Collected data:
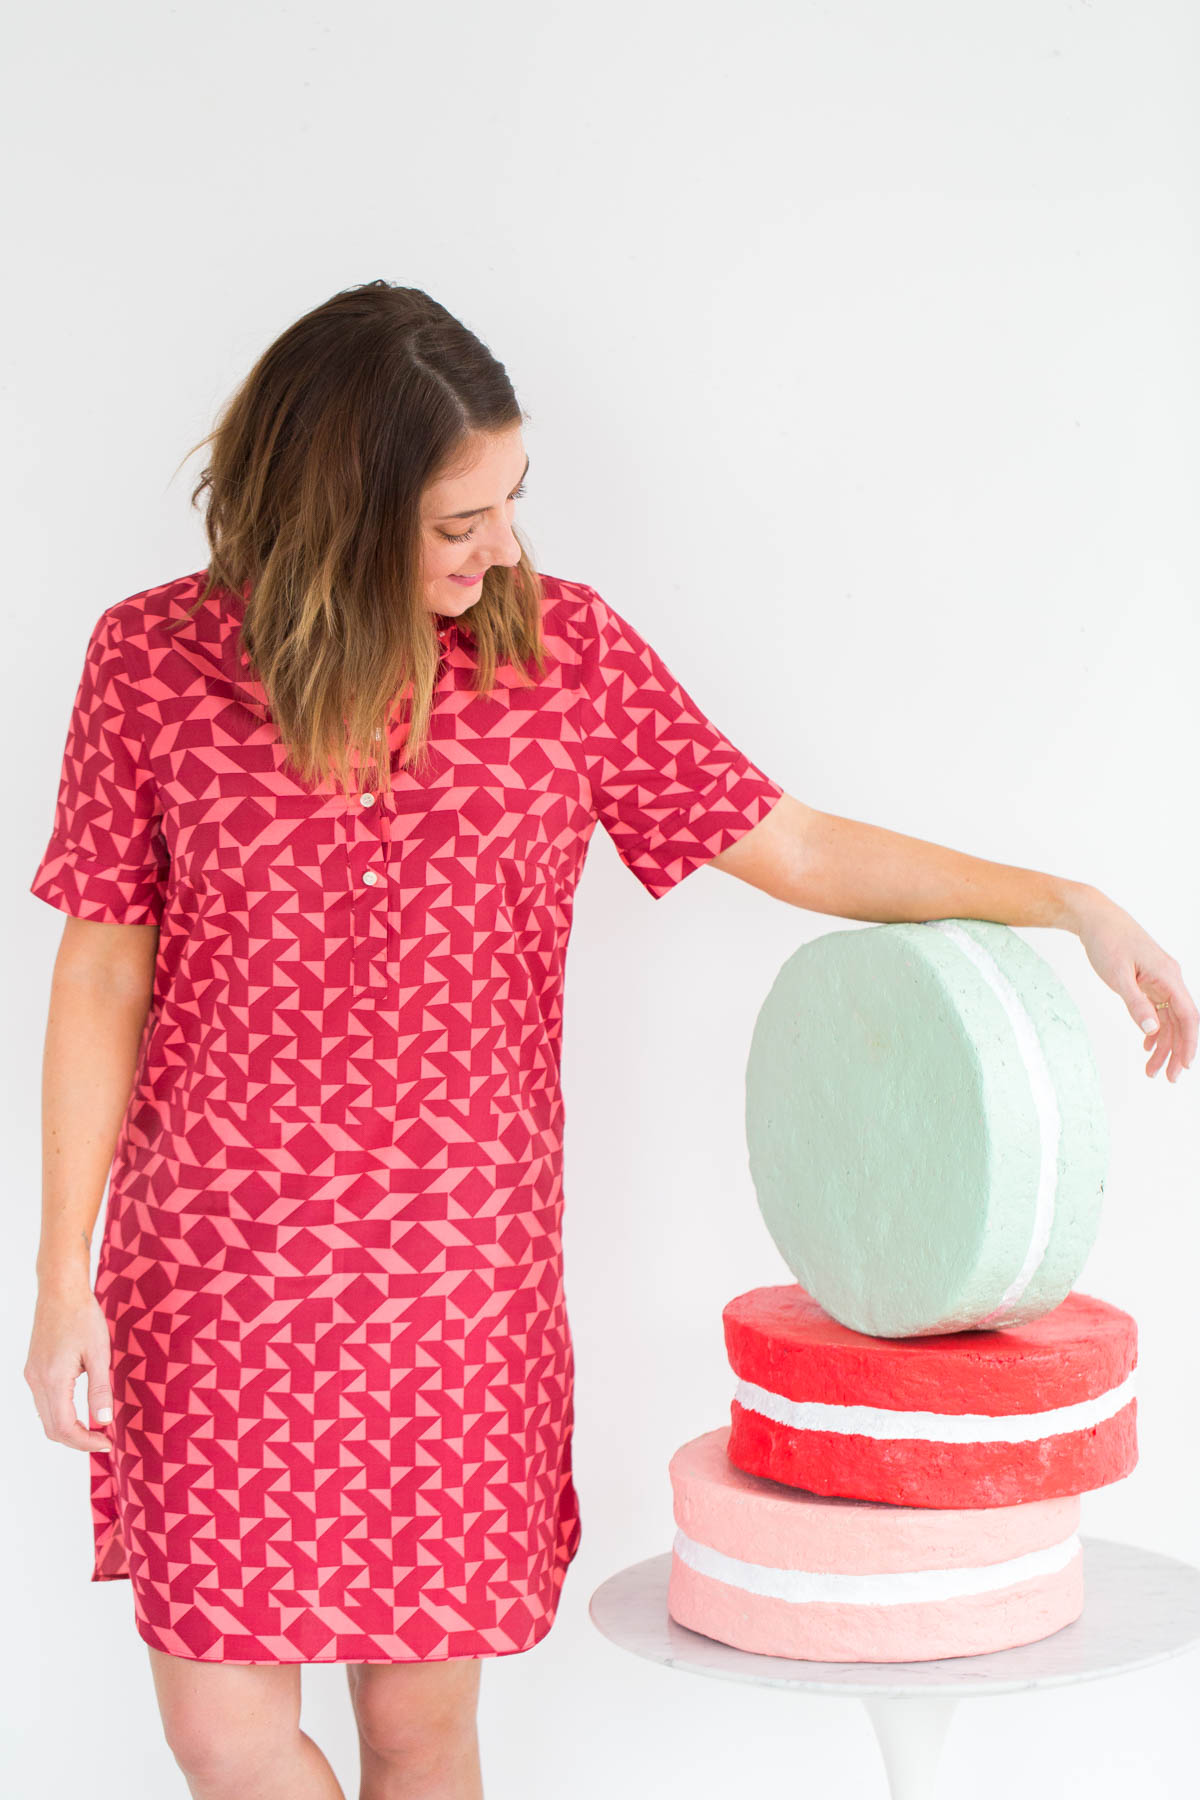 Jumbo DIY Paper Mache Macarons for the win! by lifestyle blogger Ashley Rose of Sugar & Cloth - Houston, TX
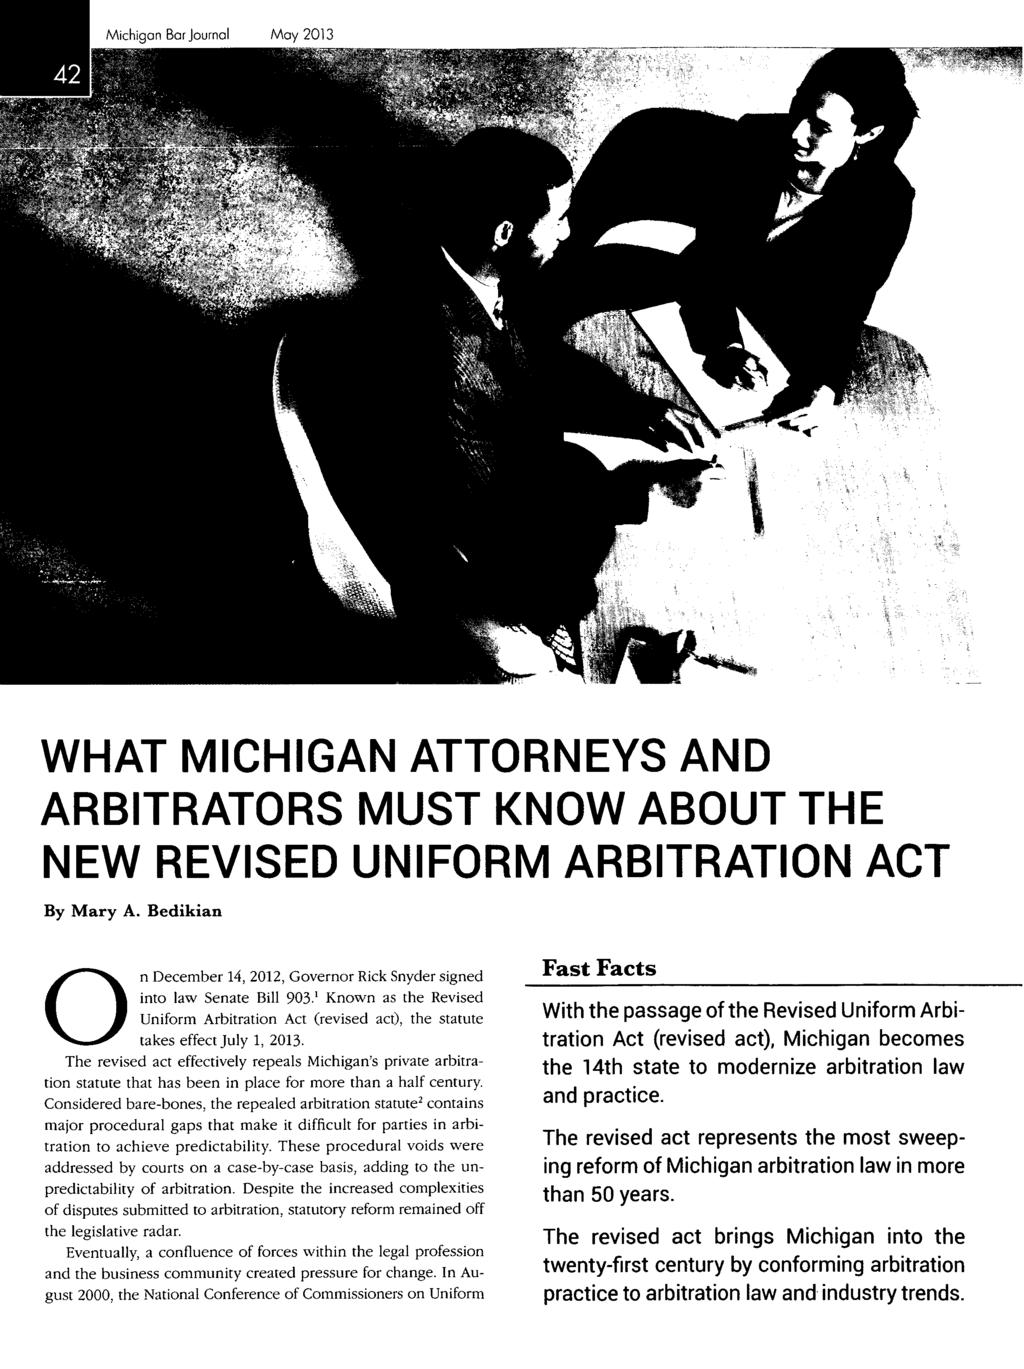 WHAT MICHIGAN ATTORNEYS AND ARBITRATORS MUST KNOW ABOUT THE NEW REVISED UNIFORM ARBITRATION ACT By Mary A. Bedikian On into law Senate Bill 903.
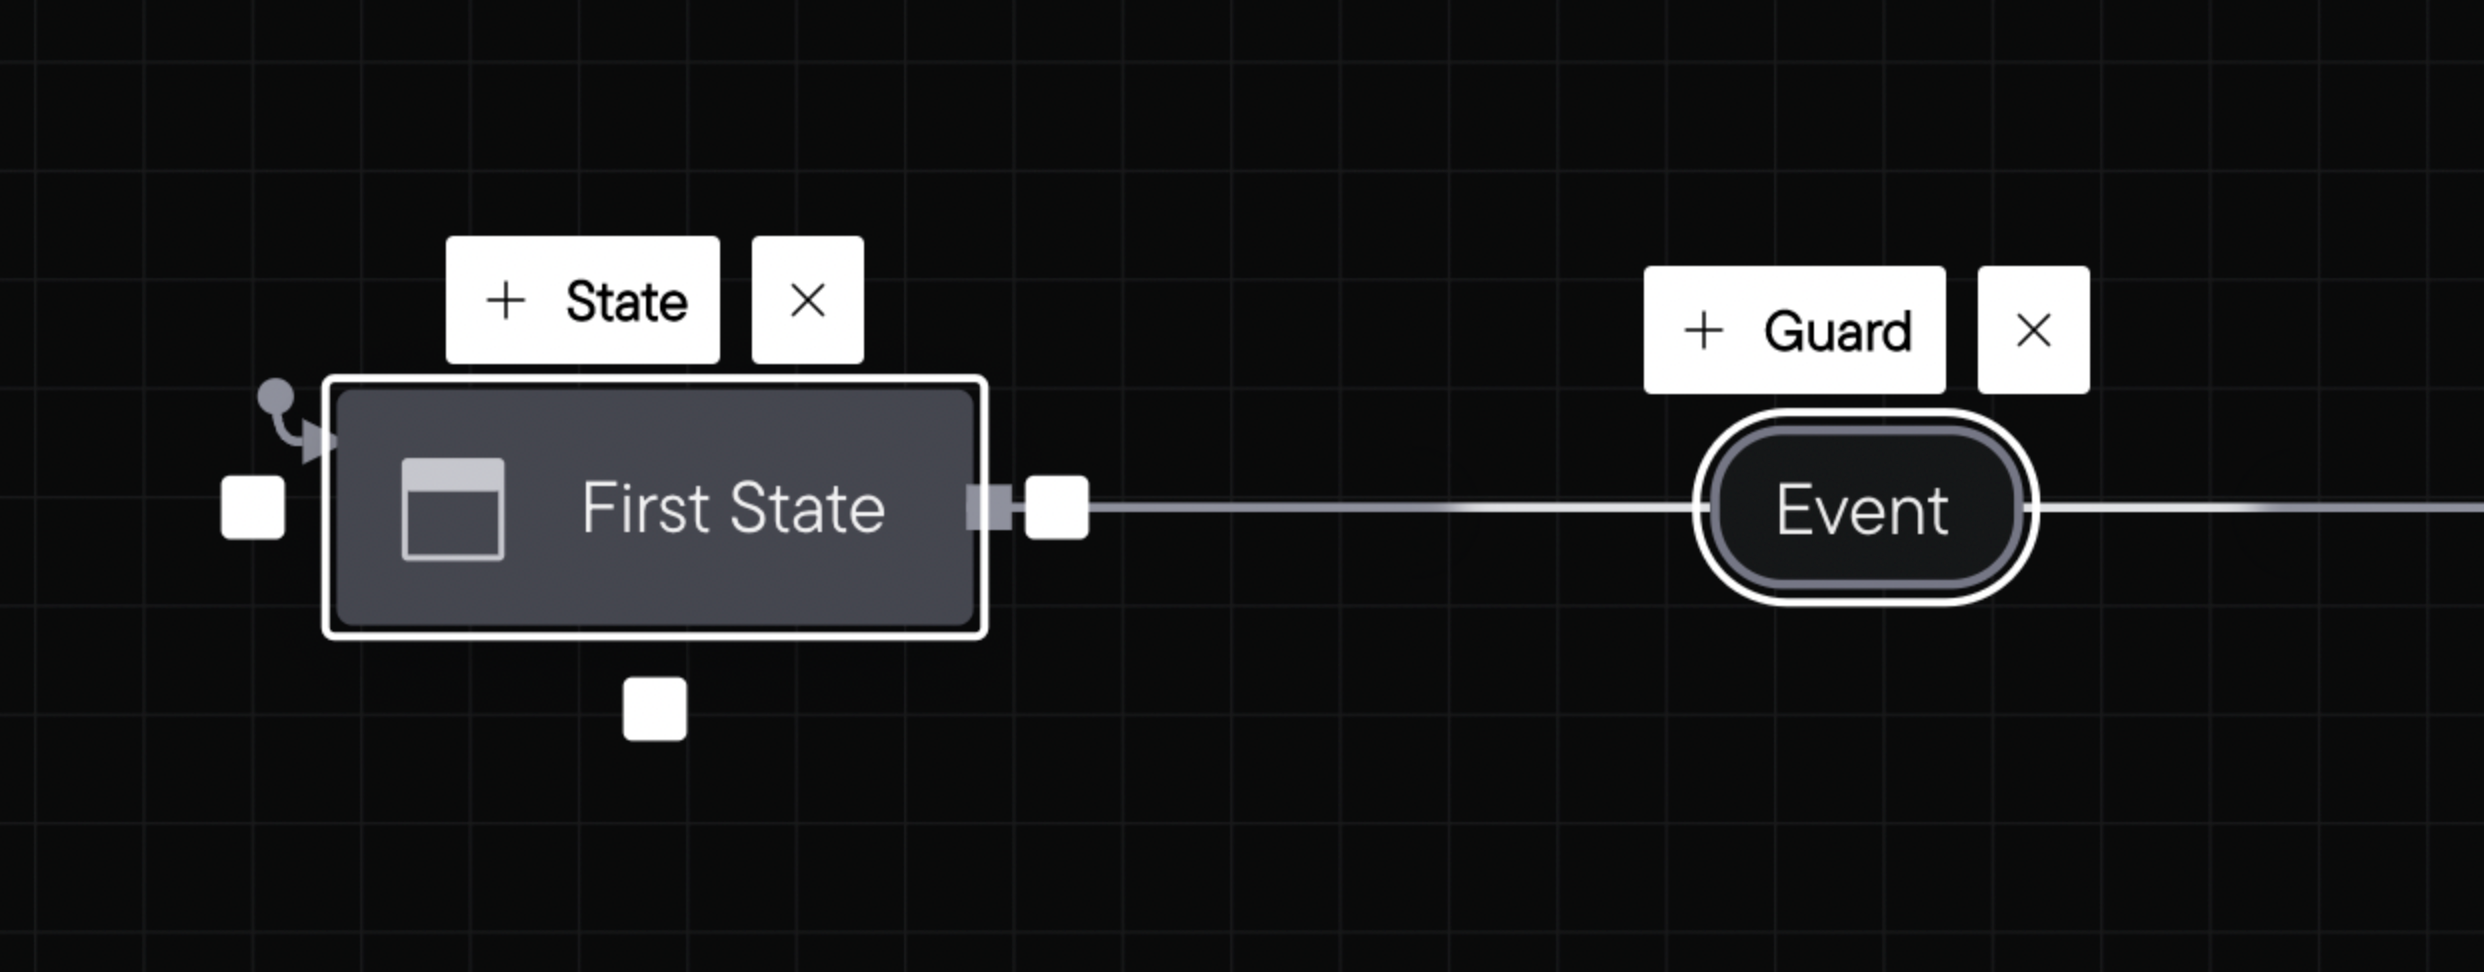 A state with quick action buttons labeled “+ state” and “x” to delete the state. And an event with quick action buttons labeled “+ guard“ and “x” to delete the event.

Exercise requirements: Copy all of the data above exactly. Leave out every picture.

Exercise answer:
 Jumbo DIY Paper Mache Macarons for the win! by lifestyle blogger Ashley Rose of Sugar & Cloth - Houston, TX
 WHAT MICHIGAN ATTORNEYS AND ARBITRATORS MUST KNOW ABOUT THE NEW REVISED UNIFORM ARBITRATION ACT By Mary A. Bedikian On into law Senate Bill 903.
 A state with quick action buttons labeled “+ state” and “x” to delete the state. And an event with quick action buttons labeled “+ guard“ and “x” to delete the event.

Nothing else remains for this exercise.